Girl’s Hair: Prohibited items include bandannas, hair rollers, hair wraps/scarfs, large headbands, extreme hairstyles (discretion of administration), unnatural human hair colors, lines, letters, or designs, shaved in the head. Hair arranged in a manner detrimental to the performance of normal educational activities will be prohibited.
Not Allowed: Purses, tattoos, false or long nails, sunglasses, oversized clothing, hats, large or hazardous jewelry.
You can't even tie your hair or grow your natural nails. There is zero point to this except destroying a kid's individuality and making him feel like a cog in the machine. The psychological damage will surely spill over into adulthood, as well.

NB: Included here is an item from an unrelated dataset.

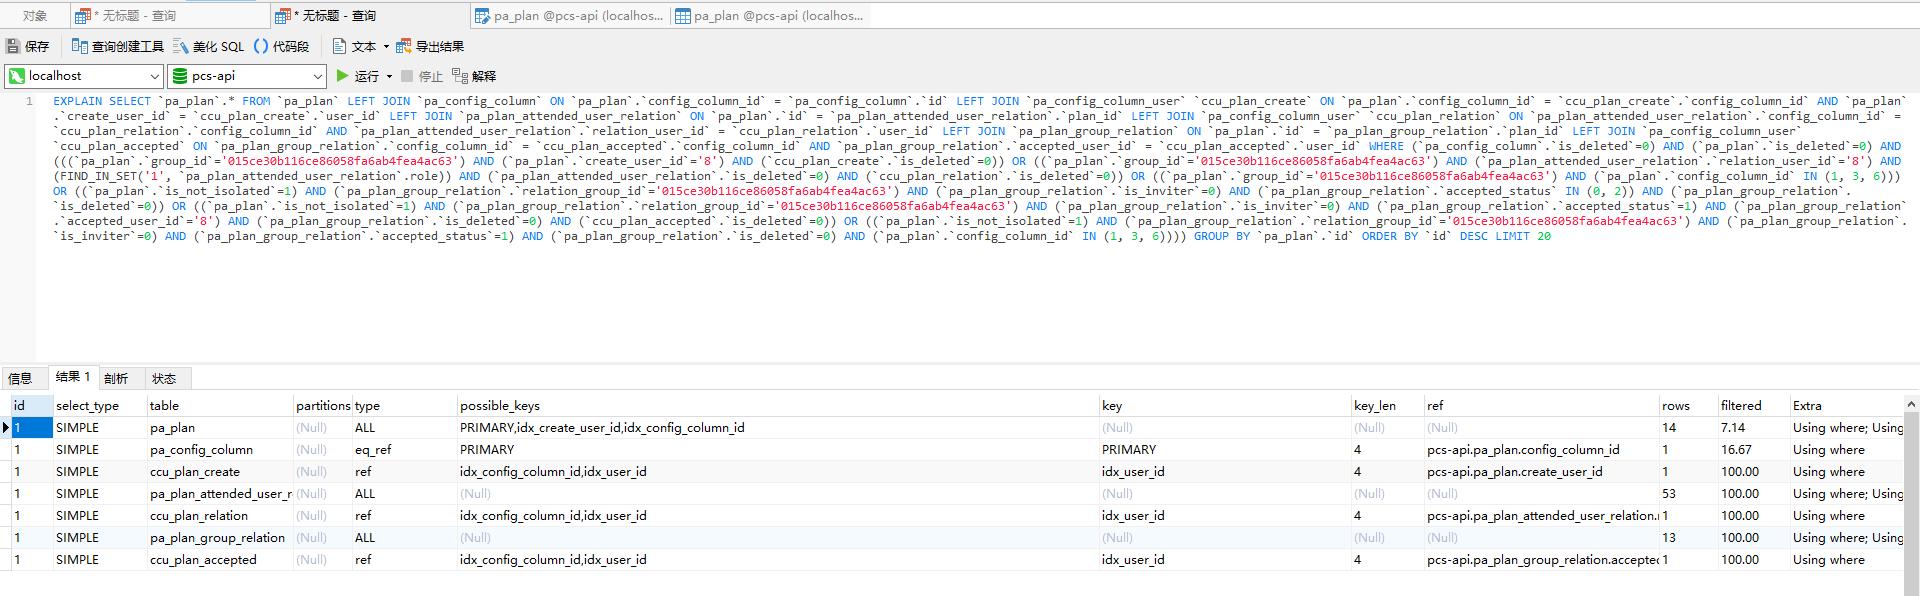 基于 Explain 分析 第 2 条 SQL 如下

Critics of the schooling system have usually focused on the general dumbing down of education or the particulars of the curriculum, such as the teaching / non-teaching of modern evolutionary theory or foreign languages (this is very common in Europe, which often teaches two additional ones). These are - at best - side issues; all those critics are still fine with the general curriculum system, which is the actual problem. They are fine with all the disgusting things I've mentioned in the intro and other sections, as long as one of their favorite subjects is being taught the way they want to. It is like wanting your head cut off, as long as the scythe is of your favorite color.
Okay, this has been rotting here for way too long, so I want to get to the point. School is designed to make people tolerate abuse and not resist - "education" provides plausible deniability. This is why it's so important to prevent the kids from standing, talking, or making any of their own decisions. Because this is the kind of populace the elites want. The one that takes their vaccines, works their shitty jobs, votes for their abusive rulers - all without a squeak. And ten years of obedience training in school creates exactly such people. "Education" is an almost perfect excuse, since who doesn't want their kid to be "educated"? But when you dig deep into it, no real learning happens in school - so we have to seek explanation elsewhere. And obedience training provides the perfect one.